Among the options were that the Makarfi committee should be dissolved and the running of the party handed over to the Board of Trustees, BoT or the relocation to another venue to hold the national convention and conduct the elections. A third option was to hold a mini convention without election inside an alternative venue.

In the end, the party apparently in a bid not to turn the BoT into a party in the several conflicts, opted the third option partly to avoid the possibility of the police coming to break up the convention. The convention inside the premises of the PDP state secretariat was opened by the national chairman, Makarfi, who poured out unusually hard words on the federal government, with the assertion that democracy in the country was under threat.

“Democracy is under threat and we should be careful. We have enough problems in this country and we should be careful,” he said, asserting that the party had resolved to go ahead with the convention. The chairman of the Convention Planning Committee, Governor Nyesom Wike of Rivers State, subsequently invited dignitaries present among whom were the chairman of the BoT, Senator Walid Jibrin, and the Deputy President of the Senate, Senator Ike Ekweremadu, to give their remarks.

Jibrin in his remarks, affirmed that the PDP would outlive all the machinations set against it by its adversaries as he said the party resolved to hold the convention in adherence to the wishes of party members. Senator Ekweremadu, the party’s highest elected public officials in his remarks, said time was coming when Nigerians would demand that the PDP be given the reins of power again.

He encouraged party members to keep hope alive, saying “we are going to survive this tyranny as we have survived it before.” Ekweremadu subsequently moved a four part motion that led to the resolutions that were adopted by the convention, to wit: Postponement of election of officers to various national offices of the party; extension of the tenure of the National Caretaker Committee till another National Convention which is to be convened within the next 12 months and approval of the expansion of membership of the National Caretaker Committee from 7 to 13 members; Also include in the motion was the resolution that at the Repeat National Convention, all members of the National Caretaker Committee shall not contest or aspire for any national office.

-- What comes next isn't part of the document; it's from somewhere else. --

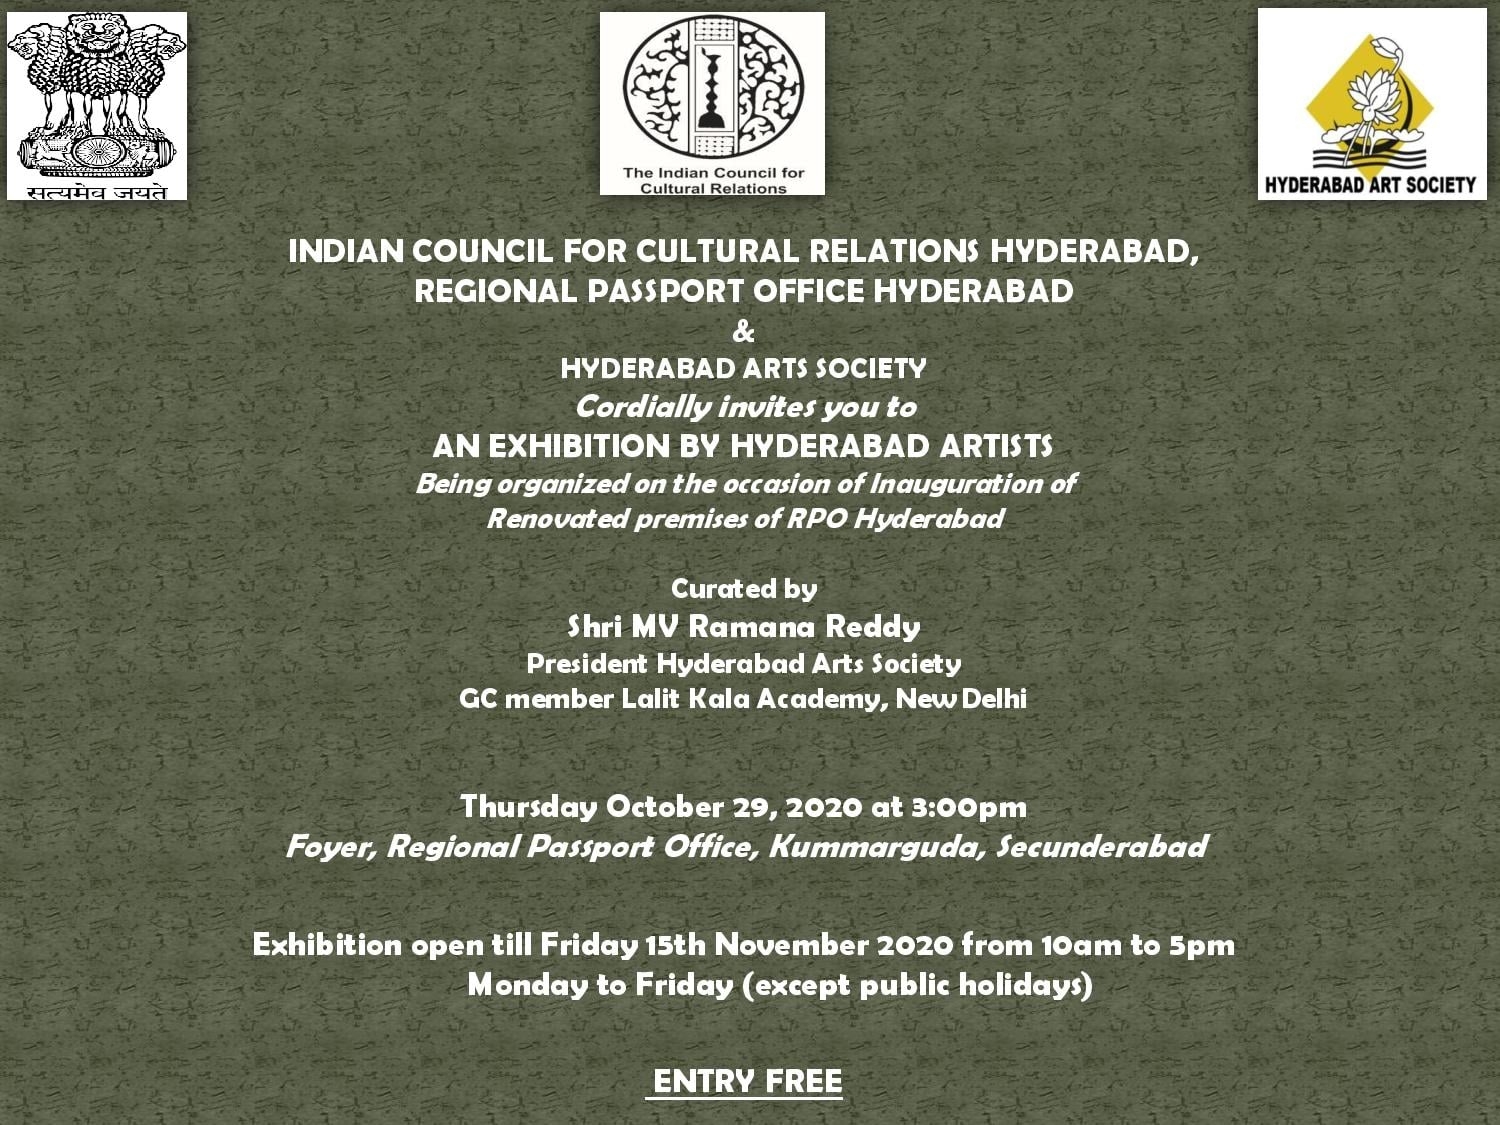 ICCR Hyderabad is organizing an exhibition on the occasion of the inauguration of the renovated premises of Regional Passport Office, Hyderabad

Briefing newsmen on the developments yesterday, party spokesman, Prince Dayo Adeyeye, lamented the selective application of the judgements and orders of the court. He said security operatives ignored an interlocutory order from a High Court in Port Harcourt to provide security for the convention, choosing to respect the Abuja High court order. Adeyeye said security operatives should also have complied with another High Court judgement in Abuja that said Sheriff was never chairman of the party.